Radical honesty is what I’m talking about, and it’s a concept that I’ve written about in the past. I’ve always been interested in it. It’s essentially the fine art of going around telling the truth, of being honest instead of dishonest.

We’re often dishonest every single day, telling people ‘little white lies’ because we don’t want to upset people or we want to avoid conflict. Radical honesty is about being honest in the moment, and then being present with the people who you’re being honest with, working through whatever issues might have arisen as a result of the honesty, and getting past those issues to a deeper level of authenticity within the relationship. It’s a means of developing better relationships with the people around you, whether they’re your spouse or family, or workmates or a boss.

But most people are too afraid of the consequences of their honesty, so they avoid it and engage in dishonesty instead. It’s safer. By telling lies, you don’t have to deal with someone being upset at you or because of you.

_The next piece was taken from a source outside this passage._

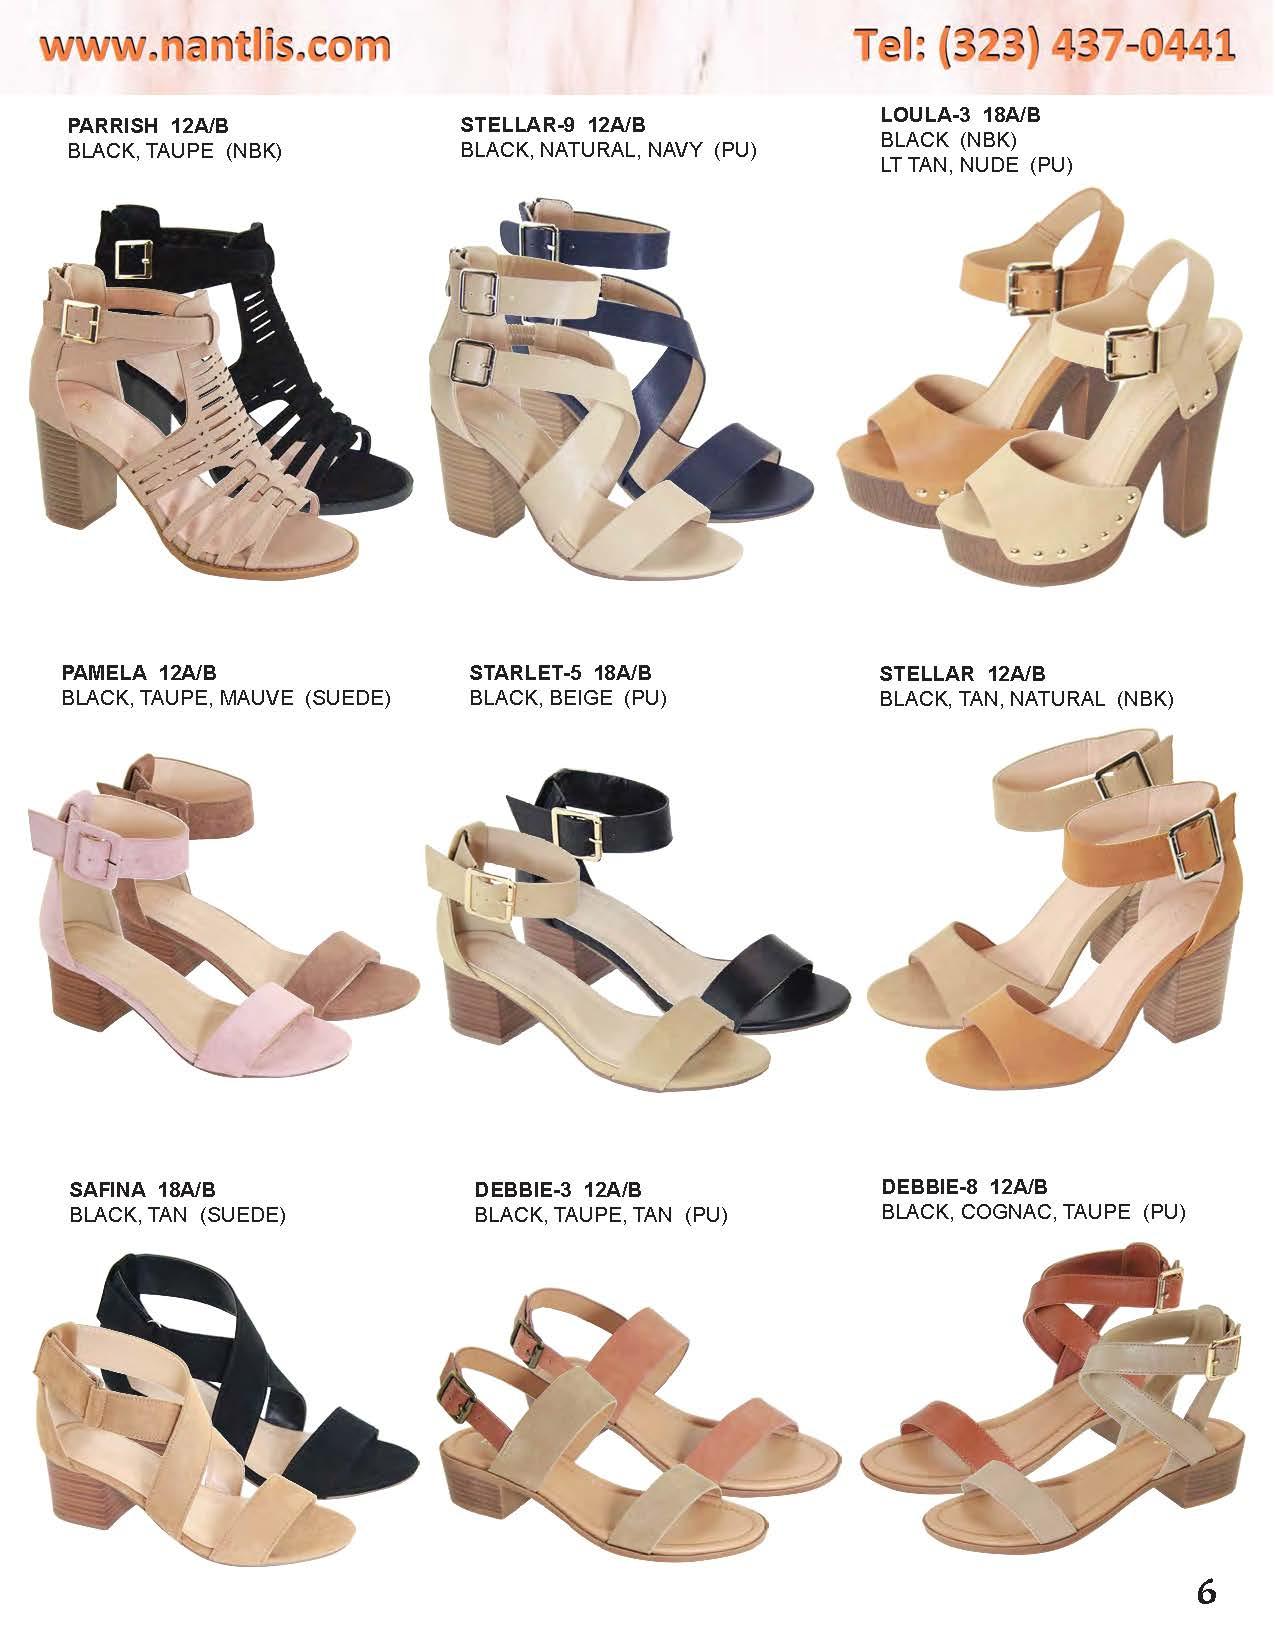 e25f124b Nantlis Catalogo Zapatos de Mujer mayoreo Vol 1 Wholesale womens  Shoes_Page_07

You know what? I like the idea of upsetting people. I do it all the time. I share my honest thoughts, opinions or statements, sometimes knowing that what I say will upset the person I’m talking to. But I do it so that I can get past the issue that I know will be challenging for them, so that we can get to the other side and talk honestly, rather than avoid it altogether.

It’s a means of developing stronger, more intimate relationships with people.

As I mentioned above, most people are too afraid of the consequences, so they tell lies instead. I don’t like this because it feels like such a deceptive way of living life. You’re literally living a lie, all the time.

I share my thoughts witn people around me, whether they’re my wife or friends or work colleagues. I say things as I see them. I say what I think. It’s my style, and I enjoy it. I also enjoy the honest and deep relationships I develop with people as a result of sharing honestly with them.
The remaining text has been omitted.